If they're doing multiple evaluations they're a lot less useful than Paul Graham's original anaphoric macros even if they seem superficially more powerful/expressive.
"Note that as of right now the symbols are replaced by copying in the expression it references, not by binding to a common variable. Hence not suitable for using with expressions that cause side-effects or involve a lot of computation. That will be changed soon."
I presume, by reading this, these expressions will be evaluated each time they are triggered within the operation, so the answer is - yes they will. But, as the read-me also suggests, this is a "WORK IN PROGRESS" and the author has stated intentions to assign variables, which would solve the issue.
Saw this on reddit and given that it's derived from Arc I thought I'd post it over here.
Certainly these are much more involved than my functions. My aif for example is:
(defmacro aif [expr & body]
`(let [~'it ~expr]
(if ~'it
(do ~(first body))
(do ~@(next body)))))
Actually, when I started in Clojure I was using these anaphoric operations a lot, but most of my code has moved away from them (for no particular reason, I just haven't needed them much I guess).
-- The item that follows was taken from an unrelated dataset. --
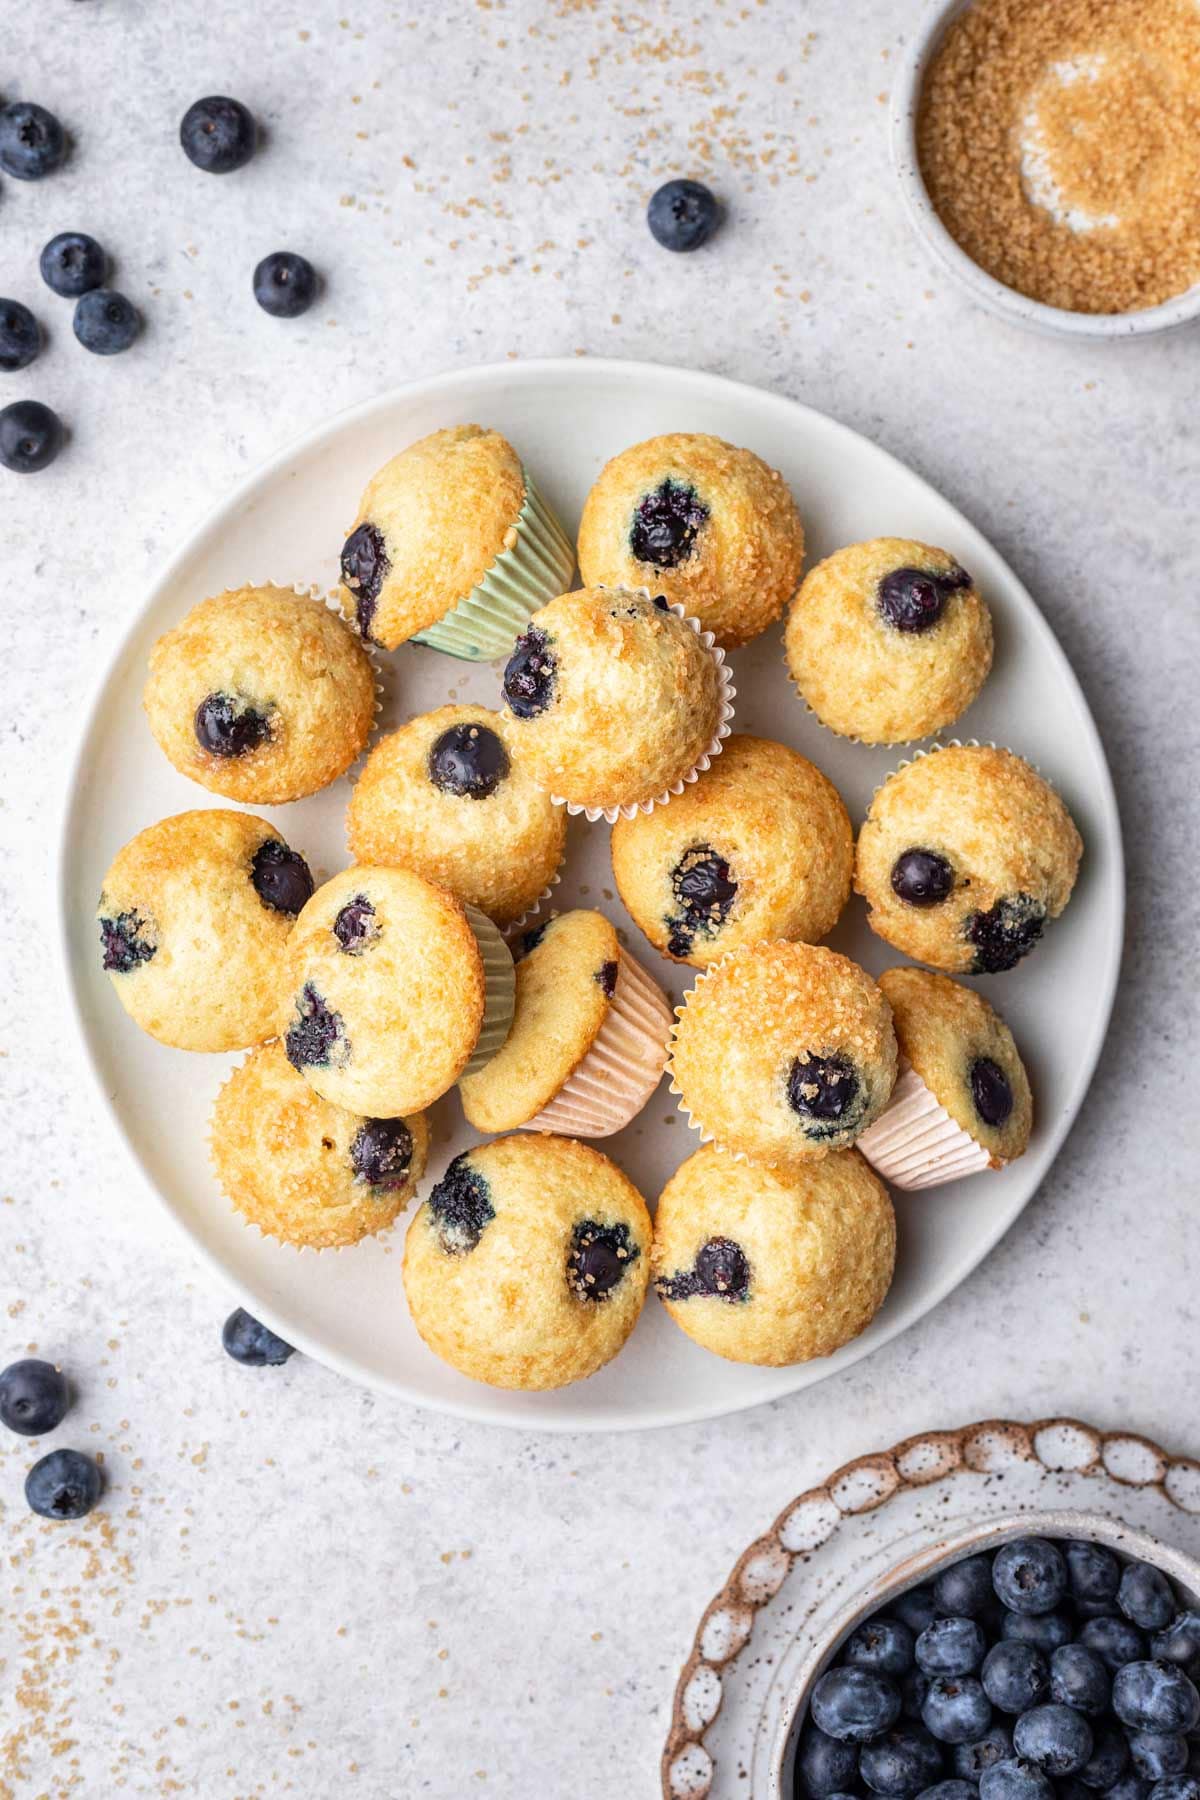 A plate of mini blueberry muffins next to scattered blueberries and a dish of sugar.

Racket doesn't have anaphoric macros as part of the core language (although there is a module for that), so that's a bit difficult getting used to when coming from Arc, but I find that pattern matching[0] can be used to the same effect:
(match 123
((and (? even?) it) (~a it " is even"))
(it (~a it " is odd")))
Author here. Glad to see some interest, sometimes I lurk here and now I feel bad not having submitted here myself.
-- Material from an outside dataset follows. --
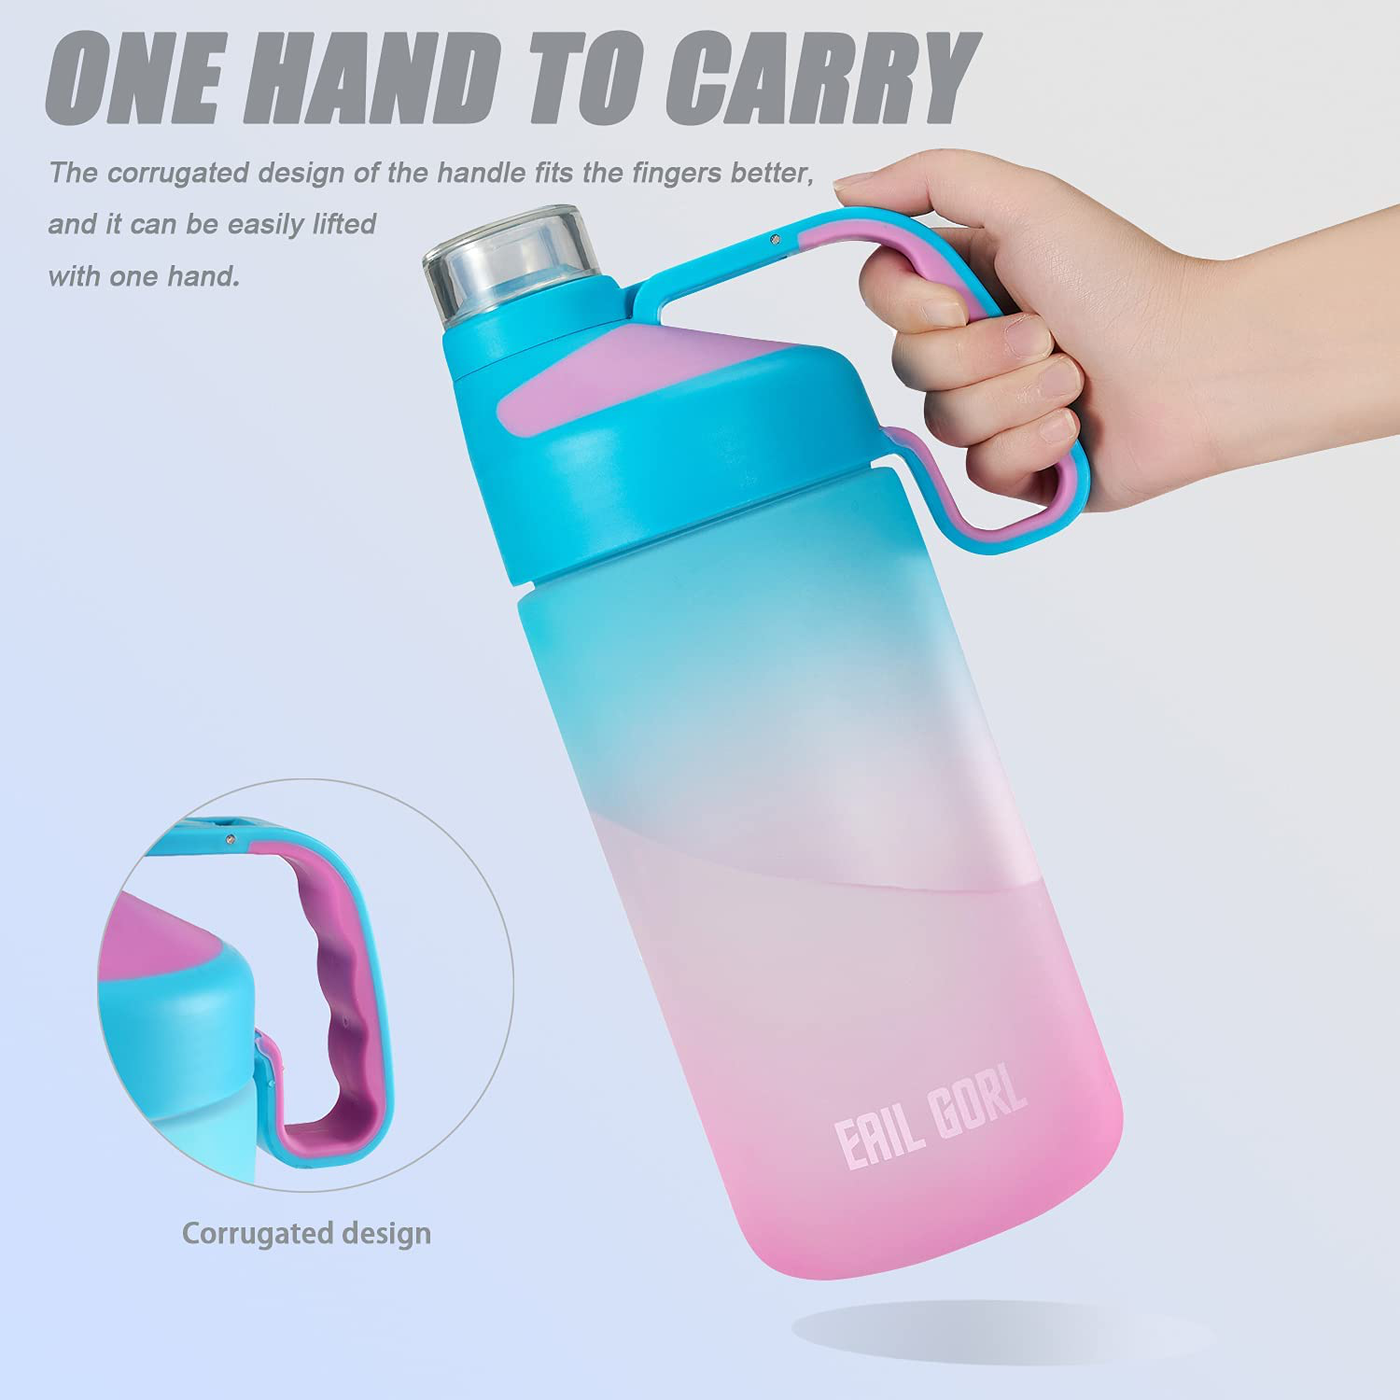 EAILGORL Water Bottles with Motivational Time Marker & Straw Leakproof BPA Free Reusble Flip Top Water Bottle for Sports and Fitness Enthusiasts (A1-Pink/Green Gradient)

Interestingly the "%else" would actually be cataphoric, as you refer to what comes next rather than before. So "co-referential macros" would be more fitting if you want to stick with the linguistics analogy. But that'd be too exotic of a term.
And yes as akkartik notes, it causes multiple evaluations right now, mostly just laziness and indecision on my part.
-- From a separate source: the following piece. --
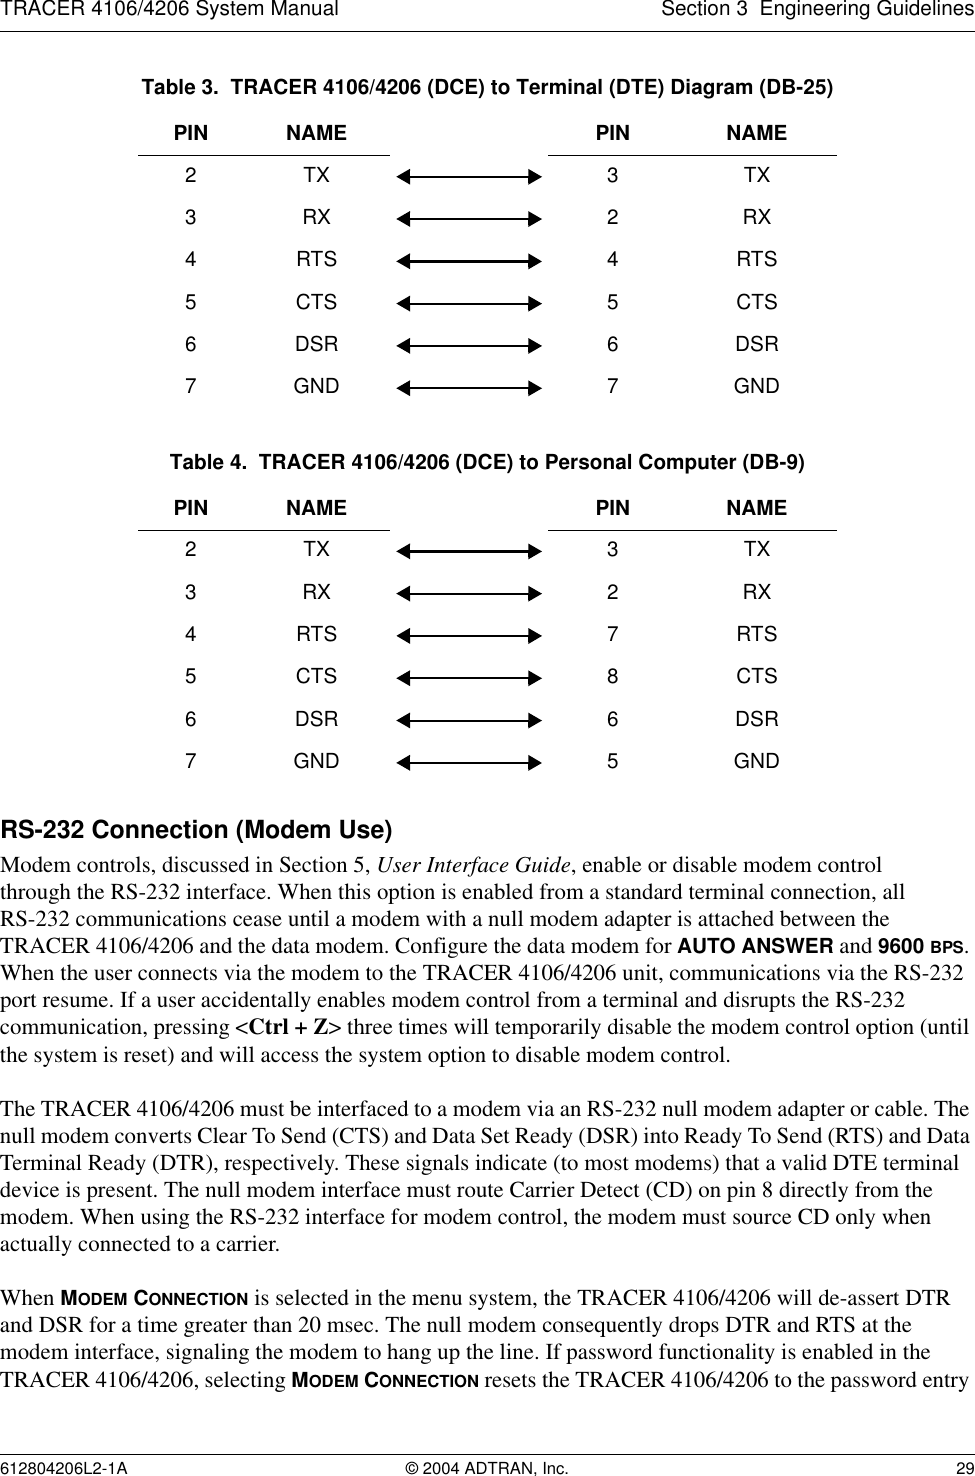 TRACER 4106/4206 System Manual Section 3  Engineering Guidelines612804206L2-1A © 2004 ADTRAN, Inc. 29RS-232 Connection (Modem Use)Modem controls, discussed in Section 5, User Interface Guide, enable or disable modem controlthrough the RS-232 interface. When this option is enabled from a standard terminal connection, allRS-232 communications cease until a modem with a null modem adapter is attached between the TRACER 4106/4206 and the data modem. Configure the data modem for AUTO ANSWER and 9600 BPS. When the user connects via the modem to the TRACER 4106/4206 unit, communications via the RS-232 port resume. If a user accidentally enables modem control from a terminal and disrupts the RS-232 communication, pressing &lt;Ctrl + Z&gt; three times will temporarily disable the modem control option (until the system is reset) and will access the system option to disable modem control.The TRACER 4106/4206 must be interfaced to a modem via an RS-232 null modem adapter or cable. The null modem converts Clear To Send (CTS) and Data Set Ready (DSR) into Ready To Send (RTS) and Data Terminal Ready (DTR), respectively. These signals indicate (to most modems) that a valid DTE terminal device is present. The null modem interface must route Carrier Detect (CD) on pin 8 directly from the modem. When using the RS-232 interface for modem control, the modem must source CD only when actually connected to a carrier.When MODEM CONNECTION is selected in the menu system, the TRACER 4106/4206 will de-assert DTR and DSR for a time greater than 20 msec. The null modem consequently drops DTR and RTS at the modem interface, signaling the modem to hang up the line. If password functionality is enabled in the TRACER 4106/4206, selecting MODEM CONNECTION resets the TRACER 4106/4206 to the password entry Table 3.  TRACER 4106/4206 (DCE) to Terminal (DTE) Diagram (DB-25)PIN NAME PIN NAME2TX 3TX3RX 2RX4RTS 4RTS5CTS 5CTS6DSR 6DSR7 GND 7 GNDTable 4.  TRACER 4106/4206 (DCE) to Personal Computer (DB-9)PIN NAME PIN NAME2TX 3TX3RX 2RX4RTS 7RTS5CTS 8CTS6DSR 6DSR7 GND 5 GND

I'll probably be giving control over this. Here's a real example of code where you actually want current behavior:
Thanks for that example. I see now that you mostly only need to worry about multiple evaluation for the `%test` branch; `%then` and `%else` should be exclusive anyway, and I'm not concerned about the growth in macroexpanded code when duplicating a few s-expressions.
You could still have repeated use within a '%then' or '%else' block:
(aif (test)
(something)
(do %then %then))
But it should suffice to perform one evaluation in each branch. Cool! That seems simpler than some of the alternatives I'd been thinking about. I'd try to evaluate everything ahead of time and then realize that I shouldn't run `%else` if the `%test` returns a truthy value.
Didn't consider a double `%then` or `%else`, thanks. Raises some interesting problems.
Generally the plan is to have a special character control whether it gets bound or inlined, probably `!`. So say `%test!` would get inlined like right now, while using `%test` would bind (and doing both would also be possible). But for a `%then` you'd generally only want to bind if there's 2+ so I could count usages instead.
Mostly side-effects free now, controllable via `!` as noted below (in most cases). Also added tests that compare macroexpand results where feasible. Big cleanup next.